Altair: Setting the size of mark_rect

Created on 20 Jul 2019  路  7Comments  路  Source: altair-viz/altair

My question is regarding setting the size (width and height) of each of the cells in mark_rect(). How can we do that such that the size is fixed, and the overall heatmap just gets bigger if we have more boxes to show?

Most helpful comment

You can do this with mark_square() - this is akin to mark_point() and mark_circle() in that it generates points that can have a size encoding, whereas rect generates rectangles whose size is controlled by x,x2,y,y2 encodings:

import altair as alt
import numpy as np
import pandas as pd

# Compute x^2 + y^2 across a 2D grid
x, y = np.meshgrid(range(-10, 10), range(-5, 5))
z = x ** 2 + y ** 2

# Convert this grid to columnar data expected by Altair
source = pd.DataFrame({'x': x.ravel(),
                     'y': y.ravel(),
                     'z': z.ravel()})

alt.Chart(source).mark_square().encode(
    x='x:O',
    y='y:O',
    color='z:Q',
    size='z:Q'
)

visualization (37)

All 7 comments

You can do that with the rangeStep scale setting. Here's an example of setting it globally to 10 pixels:

import altair as alt
import numpy as np
import pandas as pd

# Compute x^2 + y^2 across a 2D grid
x, y = np.meshgrid(range(-10, 10), range(-5, 5))
z = x ** 2 + y ** 2

# Convert this grid to columnar data expected by Altair
source = pd.DataFrame({'x': x.ravel(),
                     'y': y.ravel(),
                     'z': z.ravel()})

alt.Chart(source).mark_rect(size=5).encode(
    x='x:O',
    y='y:O',
    color='z:Q'
).configure_scale(
    rangeStep=10
)

visualization - 2019-07-19T183122 406

Thank you so much Jake. When I try to add text on top of the cells it complains about Objects with "config" attribute cannot be used within LayerChart. Consider defining the config attribute in the LayerChart object instead.

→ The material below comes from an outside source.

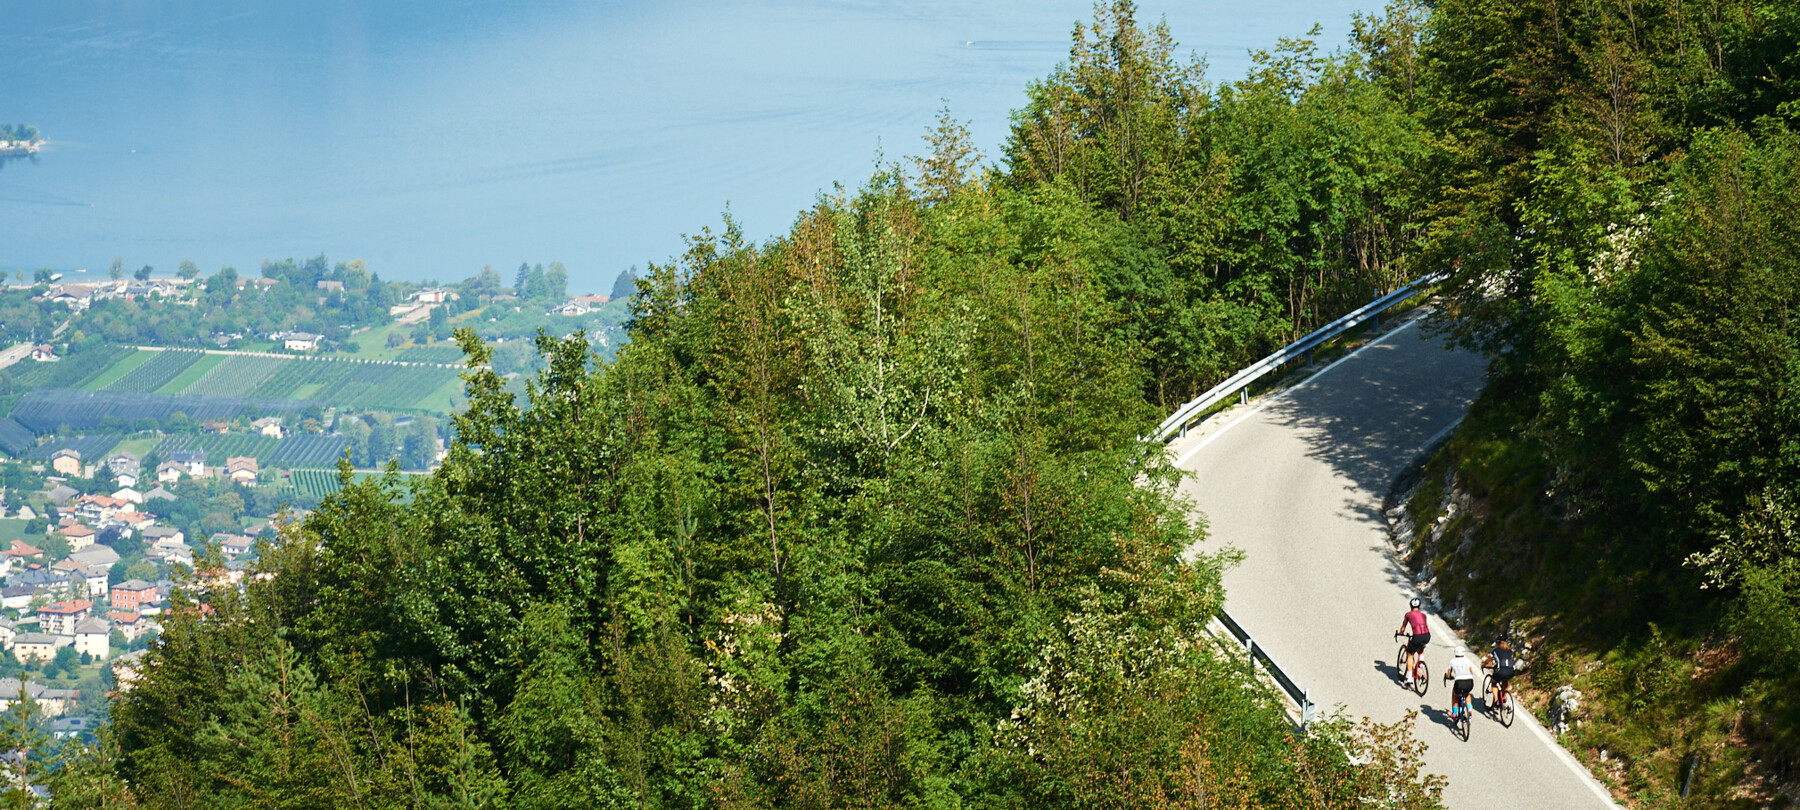 The legendary uphill climbs of Trentino, routes that made cycling history

heatmap = alt.Chart(df).mark_rect(cornerRadius=0).encode(
        alt.Y('rows:O', axis=alt.Axis(title='Model')),
        alt.X('bin:O',  axis=alt.Axis(title='Score')),
        alt.Color('score:Q', scale=alt.Scale(scheme='redblue'), legend=alt.Legend(title='%'))

    ).configure_scale(
        rangeStep=100
    )
#     ).properties(
#         width=1600,
#         height=300
#     )

#     # Configure text
    text = alt.Chart(df).mark_text(baseline='middle', color='black', size=15).encode(
        y='rows:O',
        x='bin:O',
        text='score:Q'
    )
    # Draw the chart
    chart = heatmap + text

    display(chart)

Figured out from another answer of Jake:

    chart = alt.layer(heatmap, text).configure_view(
        stroke='transparent'
    ).configure_scale(
        rangeStep=100
    ).configure_axis(
        labelFontSize=16,
        titleFontSize=16,
        domainWidth=0.0
    )

@jakevdp Is there the option to set the size of mark_rect for each cell individually?
This post demonstrates how much more clarity that can bring for visualising correlations.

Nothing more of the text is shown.